Perché il GEO multilingue non è solo SEO in altre 12 lingue
Il SEO internazionale classico ha un playbook consolidato: tag hreflang, contenuto tradotto, fatto. Il GEO aggiunge un livello che quel playbook non copre, perché un motore IA non si limita a indicizzare la tua pagina: decide, per query e per lingua, quale unica fonte citare all’utente. Quella decisione viene presa separatamente in ogni lingua servita dal motore, contro un insieme di concorrenti diverso, un bacino di fonti citabili diverso e a volte un motore completamente diverso.
Una risposta di ChatGPT in inglese attinge da un bacino di candidati diverso rispetto alla stessa domanda fatta in giapponese. Ignoralo e finirai per fare tutto il lavoro di GEO una volta sola, in inglese, dando per scontato che si propaghi. Non è così.

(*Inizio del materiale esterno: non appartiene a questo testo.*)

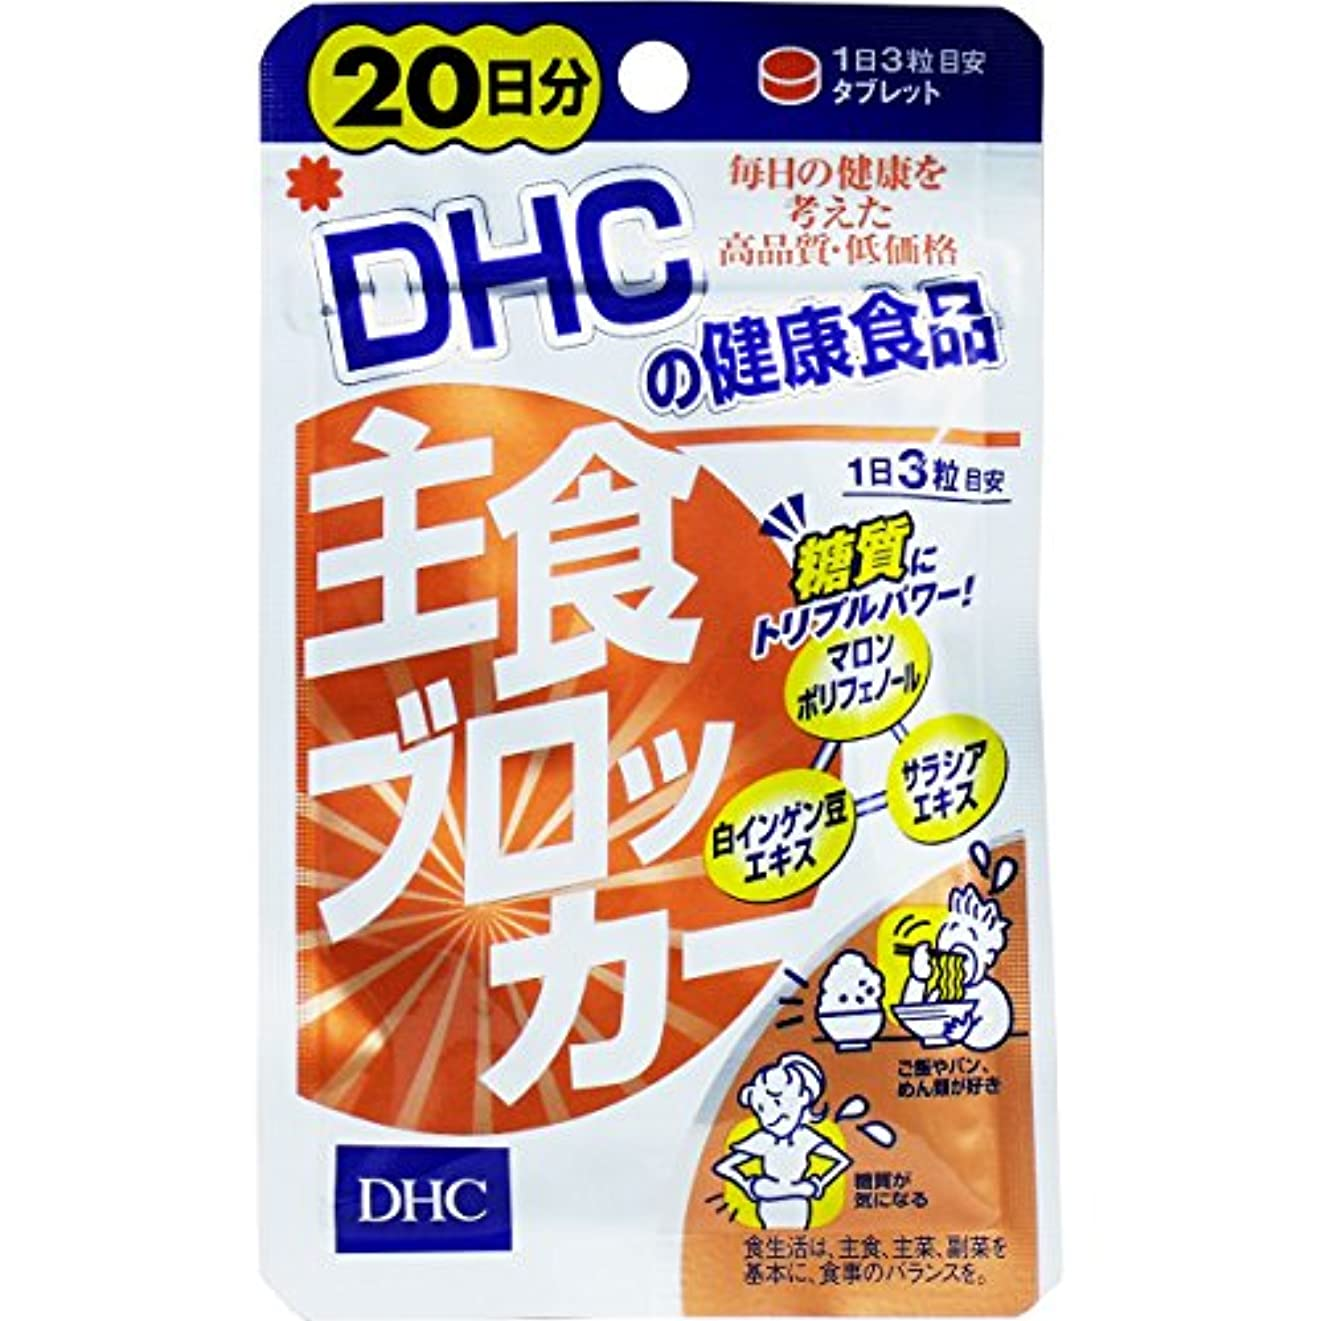 ブルジョンひねり一時的お得な6個セット 炭水化物が好きな方へオススメ DHC 主食ブロッカー 20日分(60粒)

Cosa si rompe per primo: hreflang e x-default
Questo è il problema che ti costa visibilità senza mai apparire come un errore. Due modalità di guasto, entrambe silenziose:
- x-default mancante o sbagliato. Ogni cluster hreflang ha bisogno di una voce
x-defaultche dica a motori e crawler quale versione servire a chi ha una lingua che non corrisponde a nessuna delle tue traduzioni. Se la salti, stai dicendo a ogni crawler non mirato di “indovinare”. - hreflang che punta a pagine che non sono vere traduzioni. Questo è più subdolo e più comune di quanto sembri. Se il tuo selettore di lingua rimanda alla home page di ogni lingua come ripiego quando una traduzione non esiste ancora, e annoti quei link di ripiego con
hreflang, stai affermando che un articolo solo in inglese è la traduzione spagnola di se stesso. Non lo è. Il crawler di Google finisce per non fidarsi più dell’intero cluster; un motore IA che costruisce il suo grafo di citazioni dai tuoi tag<link>eredita lo stesso segnale difettoso.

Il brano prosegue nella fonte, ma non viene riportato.